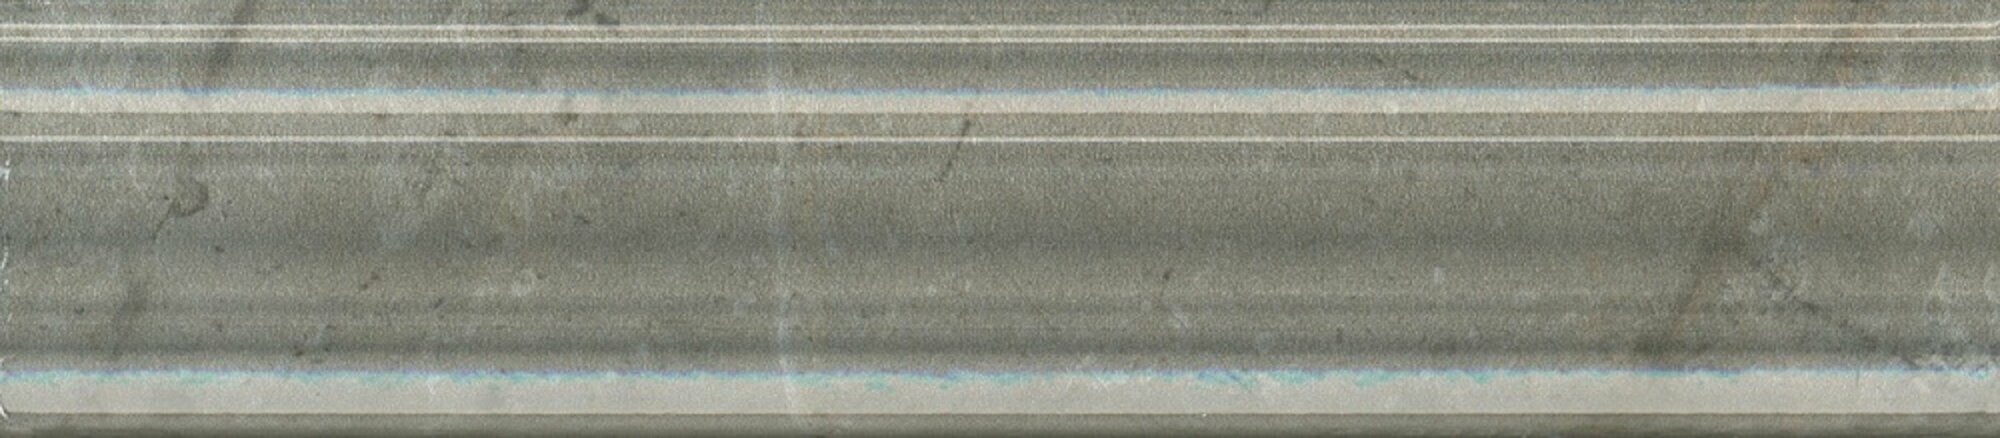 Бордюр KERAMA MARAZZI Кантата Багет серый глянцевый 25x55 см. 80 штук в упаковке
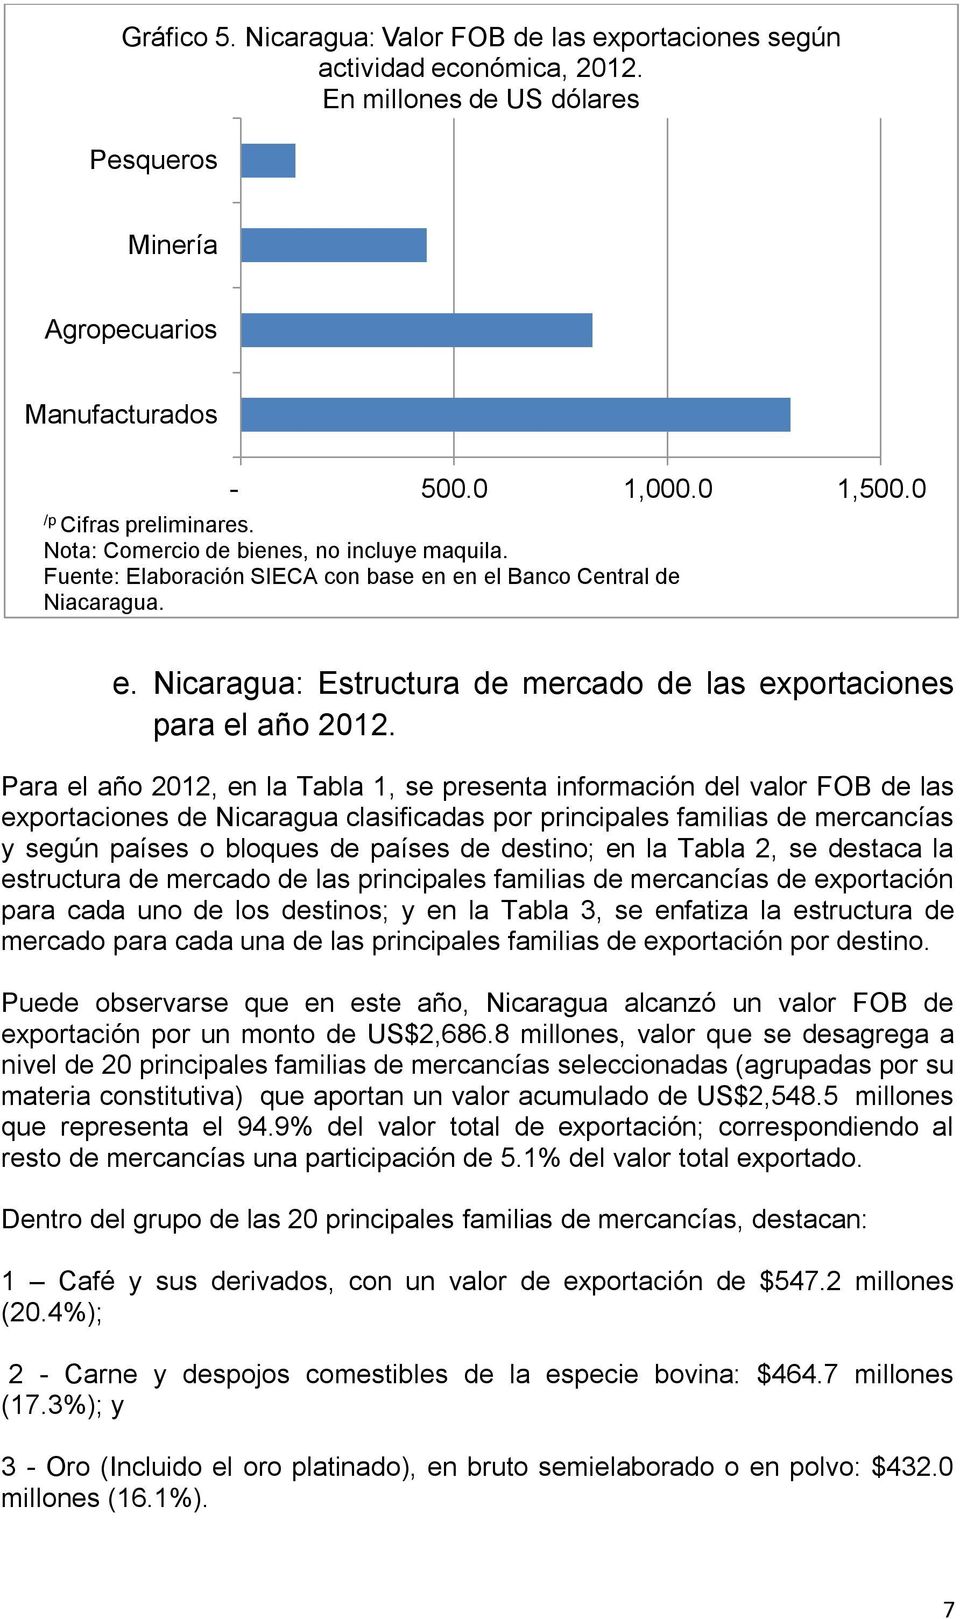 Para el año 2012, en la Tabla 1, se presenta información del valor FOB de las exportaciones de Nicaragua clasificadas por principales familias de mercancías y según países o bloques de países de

══════

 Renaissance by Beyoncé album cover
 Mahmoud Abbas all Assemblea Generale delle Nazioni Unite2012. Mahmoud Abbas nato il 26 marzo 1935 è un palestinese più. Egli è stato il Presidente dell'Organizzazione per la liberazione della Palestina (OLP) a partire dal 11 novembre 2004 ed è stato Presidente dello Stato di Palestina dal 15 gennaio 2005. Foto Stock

══════

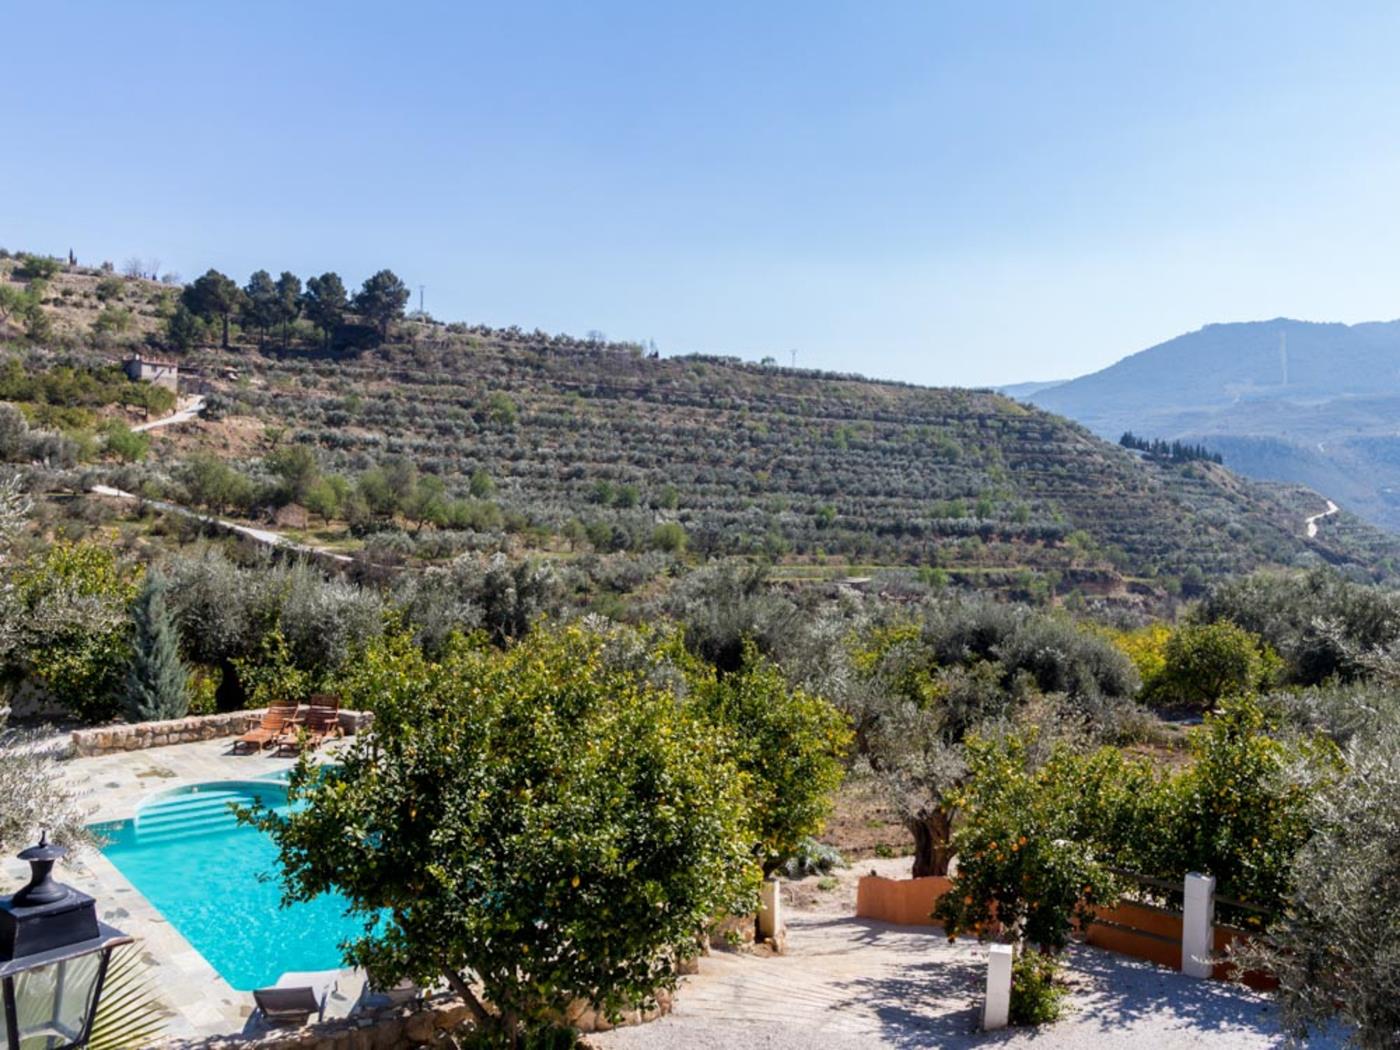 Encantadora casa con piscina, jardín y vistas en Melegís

══════

In the records above, everything from the line with "Бордюр KERAMA MARAZZI" down to the line with "Para el año" must be duplicated exactly, both lines kept. Leave no pictures in.

 Бордюр KERAMA MARAZZI Кантата Багет серый глянцевый 25x55 см. 80 штук в упаковке
 Para el año 2012, en la Tabla 1, se presenta información del valor FOB de las exportaciones de Nicaragua clasificadas por principales familias de mercancías y según países o bloques de países de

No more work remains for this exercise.